The wild weather hit large swathes of Victoria on Tuesday, dumping torrents of rain and unleashing gusts of more than 150 kilometres per hour (90 miles per hour), the state government and emergency services said.
A 50-year-old man was killed in the storm, dying on the scene after being struck by debris while working on his property in Darlimurla, southeast of Melbourne, Victoria police said in a statement.
The winds also fanned bushfires in the Grampians region west of Melbourne, burning an unknown number of homes in one small town, the state’s Country Fire Authority said.
At its peak, 530,000 homes and businesses lost power, the Australian Energy Market Operator said in an update.
About 174,000 were still cut off on Wednesday afternoon, it said.
“Given the extent of the widespread damage, it may take days if not weeks to restore electricity to all of those impacted,” the authority said.
The winds tore off roofs, uprooted trees and flattened electricity pylons, according to media reports and images shared on social media.
Fallen transmission towers led to the shutdown of Victoria’s largest electricity generator, the coal-powered Loy Yang A, which was being reconnected to the grid, the state’s energy authority said in a statement.
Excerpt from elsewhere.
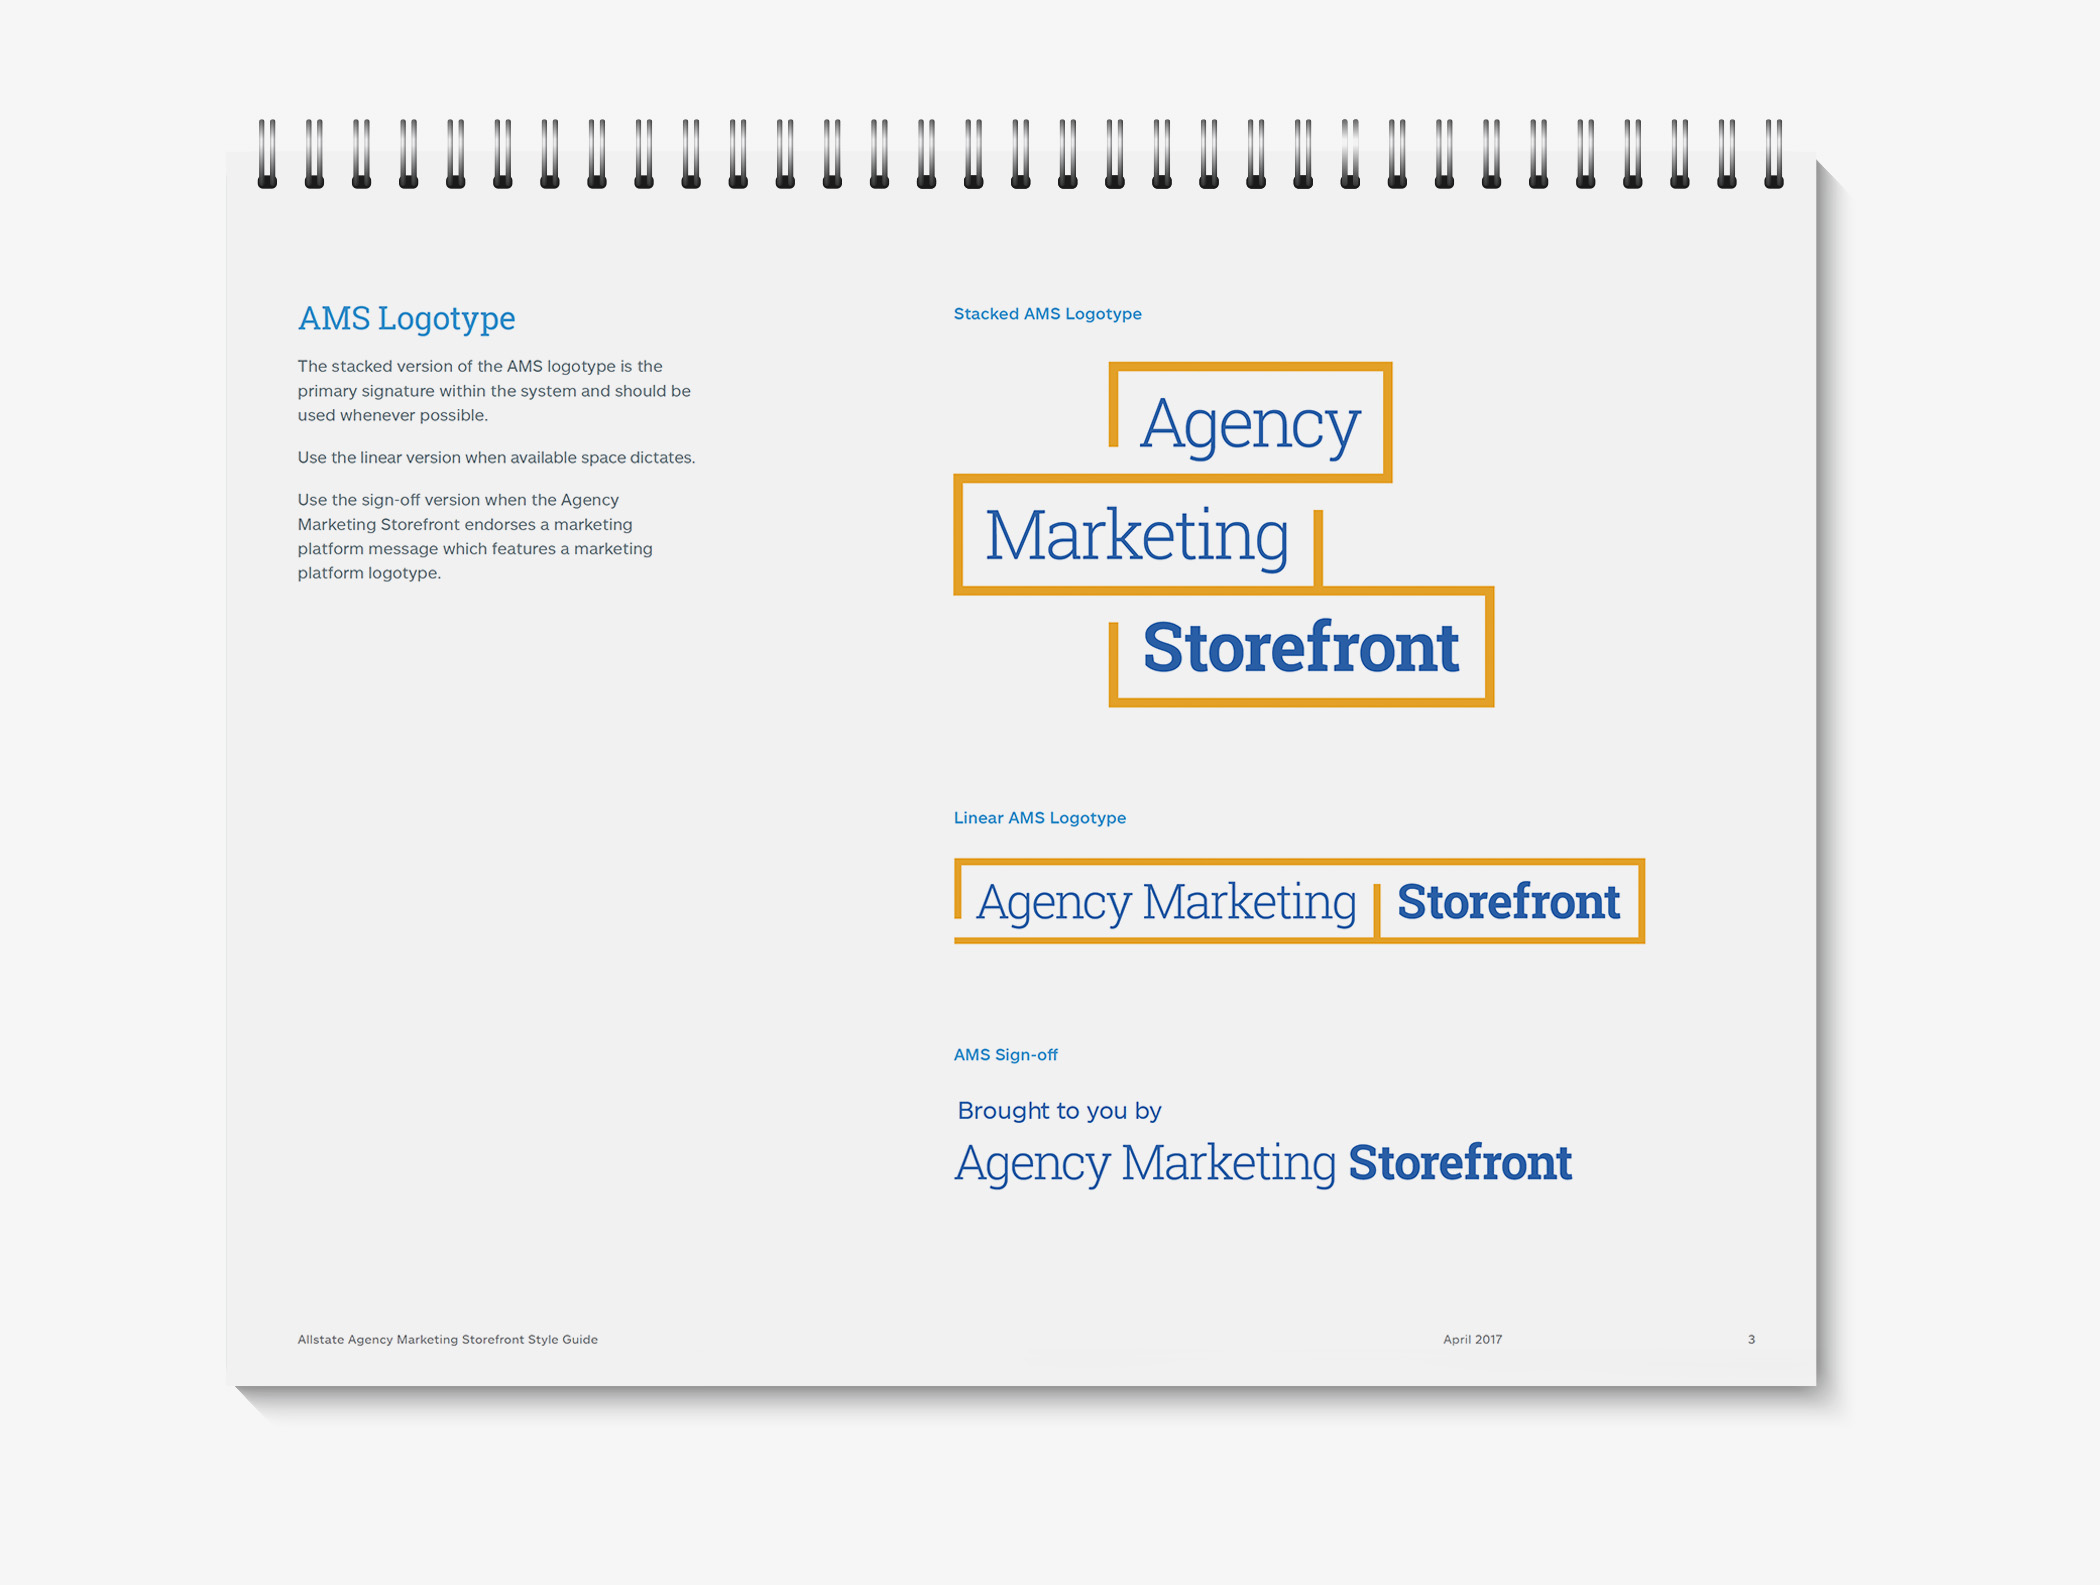 Page from the Allstate Agency Marketing Storefront brand guide showing logotype usage guidelines.

“This has been one of the largest outage events in the state’s history,” Victoria Energy Minister Lily D’Ambrosio said.
Lightning strikes ignited “multiple fires” in Victoria, said the state’s emergency management commissioner, Rick Nugent.
In the hard-hit Grampians region, flames incinerated “a number of residential homes” in Pomonal, home to a few hundred residents, Nugent told a news briefing.
It was too early to say how many homes were destroyed, state firefighters said, though a report in Melbourne’s The Age newspaper said about 20 had been lost.
Victorian authorities said they were working to restore power and ascertain the full extent of fire damage as bushfire and weather warnings were lowered across the state.